Be honest with yourself, because what you learn about yourself and the situations where you fail vs. thrive will serve you for the rest of your life. It’s not about them being wrong and you being right (or vice versa)… it’s really about you learning your limits, and about the situations where you are going to do your best.
Inside this examination are the secrets to who you are, and what you need in order to succeed in your job.
Now, once you have that list of their complaints, title the right-hand column on your paper “Why I Seemed That Way.” Now you are going to look at what was *behind* the problems that got you fired, at the real issues that came out as the symptoms that they were complaining about.

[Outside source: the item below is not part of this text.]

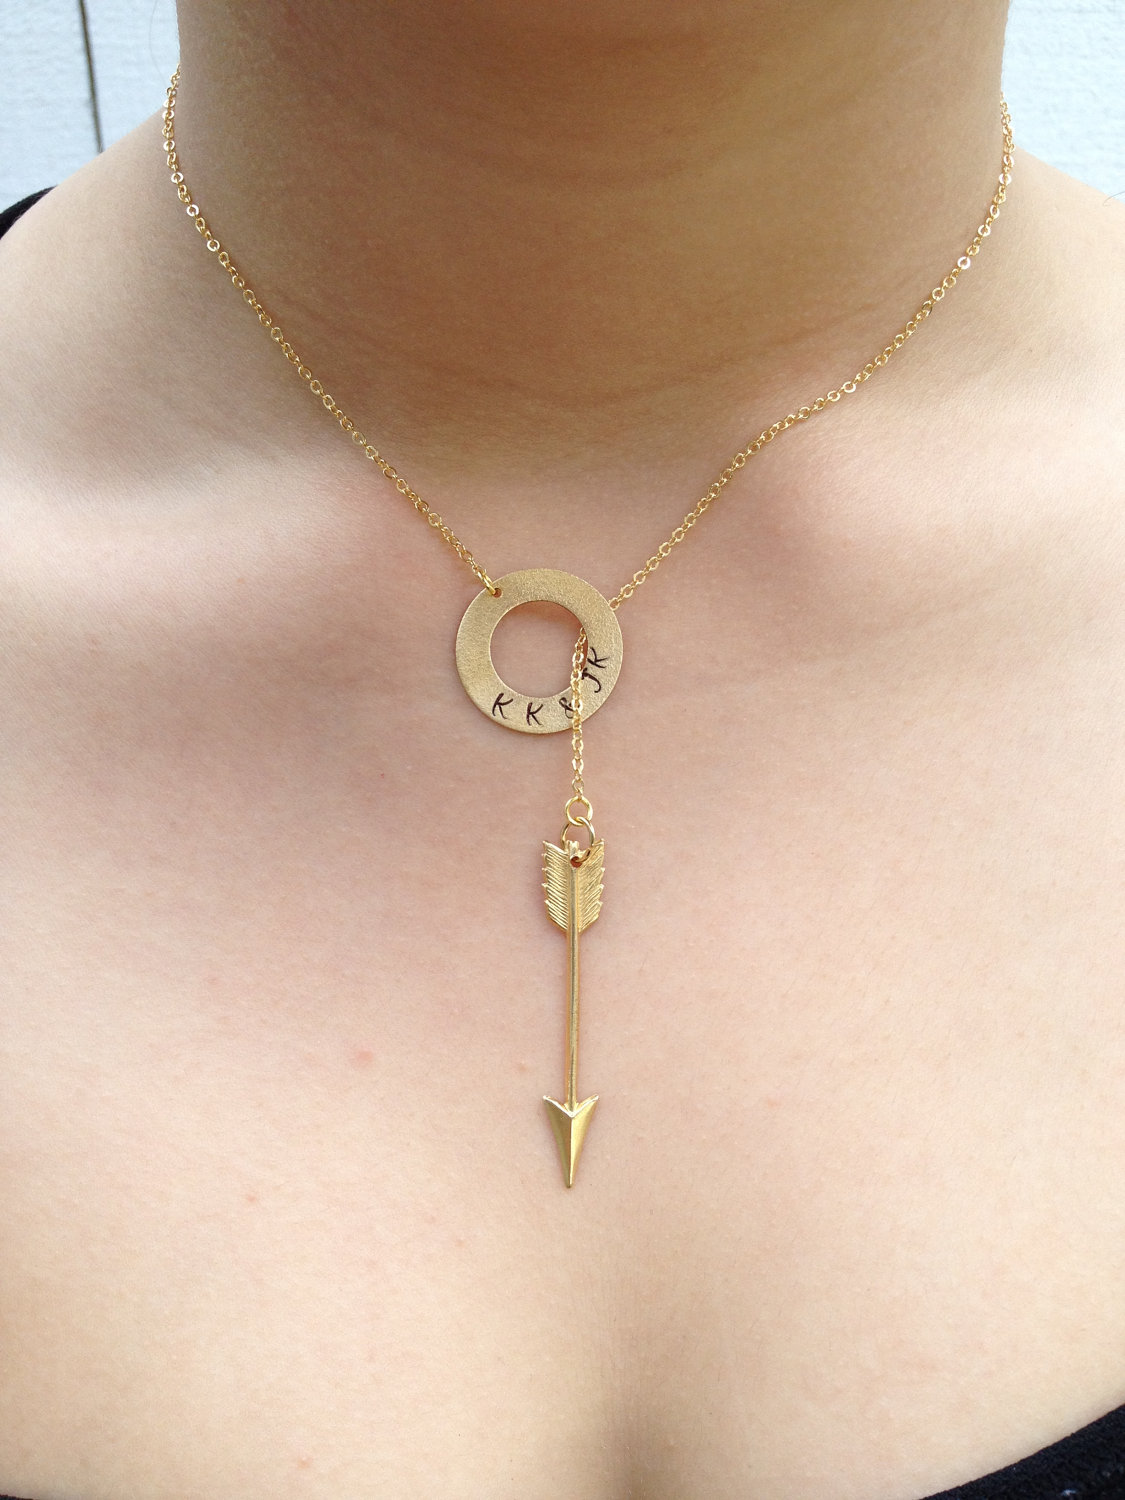 Personalized Gold Piercing Arrow Lariat Necklace

For me, for instance, what was behind my being difficult with the owner of the ad agency was that, when I was completely honest with myself, I just plain didn’t like her. I didn’t respect her value system and I didn’t like the way she treated people. She was not someone I looked up to, and it showed. Bottom line, my attitude came from not respecting the woman I worked for.
Now, this was news to me, because I’d worked for plenty of people before who I didn’t respect all that much, and had never been fired. But this time, it was more than I could hide apparently, and I saw that working for someone I don’t like really brings out the worst in me. Now *there’s* a lesson I could have learned a few jobs earlier, and we all would have been happier!
And then I knew to add that to my checklist for my jobs and my life… that no matter how much someone pays me (and the fat salary was part of the appeal for that job), I need to work for someone who I respect and admire, someone who shares the same values that I do.
I also learned to trust my intuition more, and that when I make a mistake, and find myself in the wrong situation with the wrong people again, I will take action more quickly, so it doesn’t have to come down to me being fired again.
There is another great benefit to this exercise, which is that it prepares you for talking about what happened to a future employer, without flinching or lying, and with a sense of confidence about the lessons you’ve learned and how they will help you make a better decision next time.
I know getting fired sucks, but it is a big learning opportunity. Take a little time to do this exercise now, and see if you can find your lessons like I did mine.